= Constructible sheaf =

In mathematics, a constructible sheaf is a sheaf of abelian groups over some topological space X, such that X is the union of a finite number of locally closed subsets on each of which the sheaf is a locally constant sheaf. It has its origins in algebraic geometry, where in étale cohomology constructible sheaves are defined in a similar way (Artin, Grothendieck & Verdier 1972). For the derived category of constructible sheaves, see a section in ℓ-adic sheaf.

The finiteness theorem in étale cohomology states that the higher direct images of a constructible sheaf are constructible.

==Definition of étale constructible sheaves on a scheme X==
Here we use the definition of constructible étale sheaves from the book by Freitag and Kiehl referenced below. In what follows in this subsection, all sheaves $\mathcal{F}$ on schemes $X$ are étale sheaves unless otherwise noted.

A sheaf $\mathcal{F}$ is called constructible if $X$ can be written as a finite union of locally closed subschemes $i_Y:Y \to X$ such that for each subscheme $Y$ of the covering, the sheaf $\mathcal{F}|_{Y} = i_{Y}^{\ast}\mathcal{F}$ is a finite locally constant sheaf. In particular, this means for each subscheme $Y$ appearing in the finite covering, there is an étale covering $\lbrace U_i \to Y \mid i \in I \rbrace$ such that for all étale subschemes in the cover of $Y$, the sheaf $(i_Y)^{\ast}\mathcal{F}|_{U_i}$ is constant and represented by a finite set.

This definition allows us to derive, from Noetherian induction and the fact that an étale sheaf is constant if and only if its restriction from $X$ to $X_\text{red}$ is constant as well, where $X_\text{red}$ is the reduction of the scheme $X$. It then follows that a representable étale sheaf $\mathcal{F}$ is itself constructible.

Of particular interest to the theory of constructible étale sheaves is the case in which one works with constructible étale sheaves of Abelian groups. The remarkable result is that constructible étale sheaves of Abelian groups are precisely the Noetherian objects in the category of all torsion étale sheaves (cf. Proposition I.4.8 of Freitag-Kiehl).

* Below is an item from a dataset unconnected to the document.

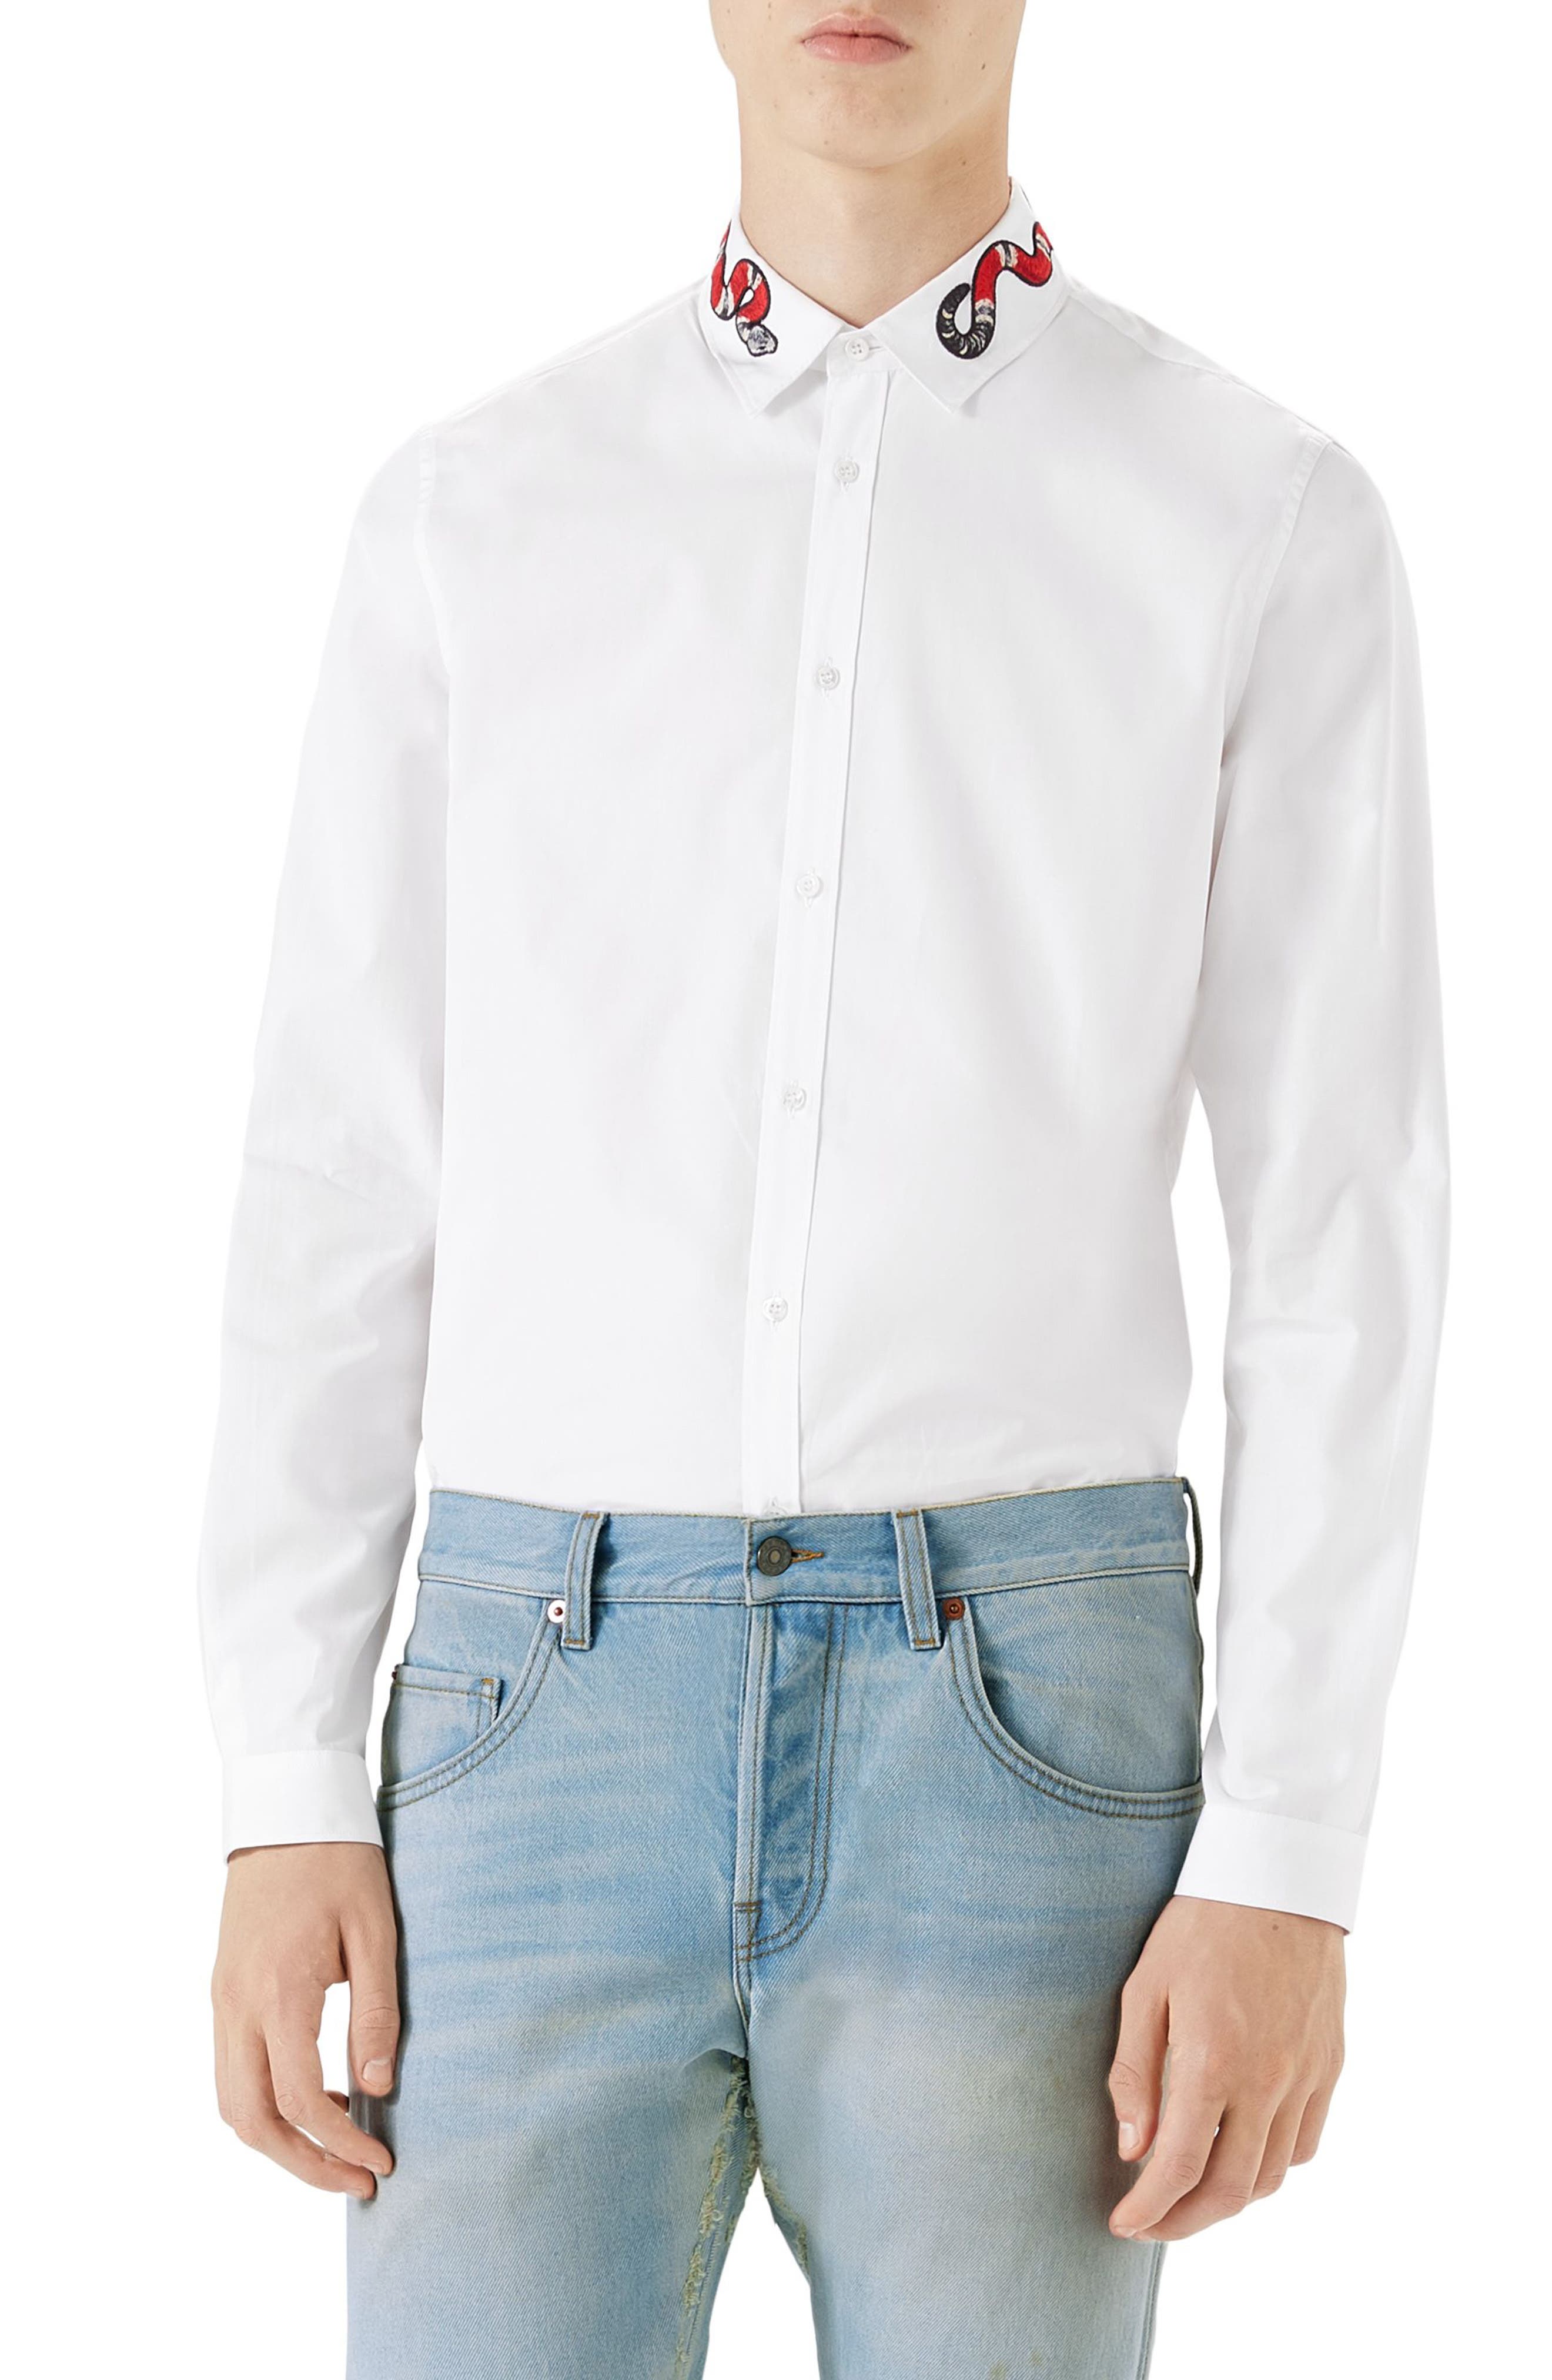 white gucci button up shirt

==Examples in algebraic topology ==
Most examples of constructible sheaves come from intersection cohomology sheaves or from the derived pushforward of a local system on a family of topological spaces parameterized by a base space.

===Derived pushforward on P^{1}===
One nice set of examples of constructible sheaves come from the derived pushforward (with or without compact support) of a local system on $U = \mathbb{P}^1-\{0,1,\infty\}$. Since any loop around $\infty$ is homotopic to a loop around $0,1$ we only have to describe the monodromy around $0$ and $1$. For example, we can set the monodromy operators to be
$$\begin{align}
T_0 = \begin{bmatrix}
1 & k \\
0 & 1
\end{bmatrix}, \quad & T_1 = \begin{bmatrix}
1 & l \\
0 & 1
\end{bmatrix}
\end{align}$$
where the stalks of our local system $\mathcal{L}$ are isomorphic to $\mathbb{Q}^{\oplus 2}$. Then, if we take the derived pushforward $\mathbf{R}j_*$ or $\mathbf{R}j_!$ of $\mathcal{L}$ for $j: U \to \mathbb{P}^1$ we get a constructible sheaf where the stalks at the points $0,1,\infty$ compute the cohomology of the local systems restricted to a neighborhood of them in $U$.

===Weierstrass family of elliptic curves===
For example, consider the family of degenerating elliptic curves
$y^2 - x(x-1)(x-t)$
over $\mathbb{C}$. At $t=0,1$ this family of curves degenerates into a nodal curve. If we denote this family by $\pi:X \to \mathbb{C}$ then
$\mathbf{R}^0\pi_*(\underline{\mathbb{Q}}_X) \cong \mathbf{R}^2\pi_*(\underline{\mathbb{Q}}_X) \cong \underline{\mathbb{Q}}_{\mathbb{C}}$
and
$\mathbf{R}^1\pi_*(\underline{\mathbb{Q}}_X) \cong \mathcal{L}_{\mathbb{C}-\{0,1 \}}\oplus \underline{\mathbb{Q}}_{\{0,1 \}}$
where the stalks of the local system $\mathcal{L}_{\mathbb{C}-\{0,1 \}}$ are isomorphic to $\mathbb{Q}^2$. This local monodromy around of this local system around $0,1$ can be computed using the Picard–Lefschetz formula.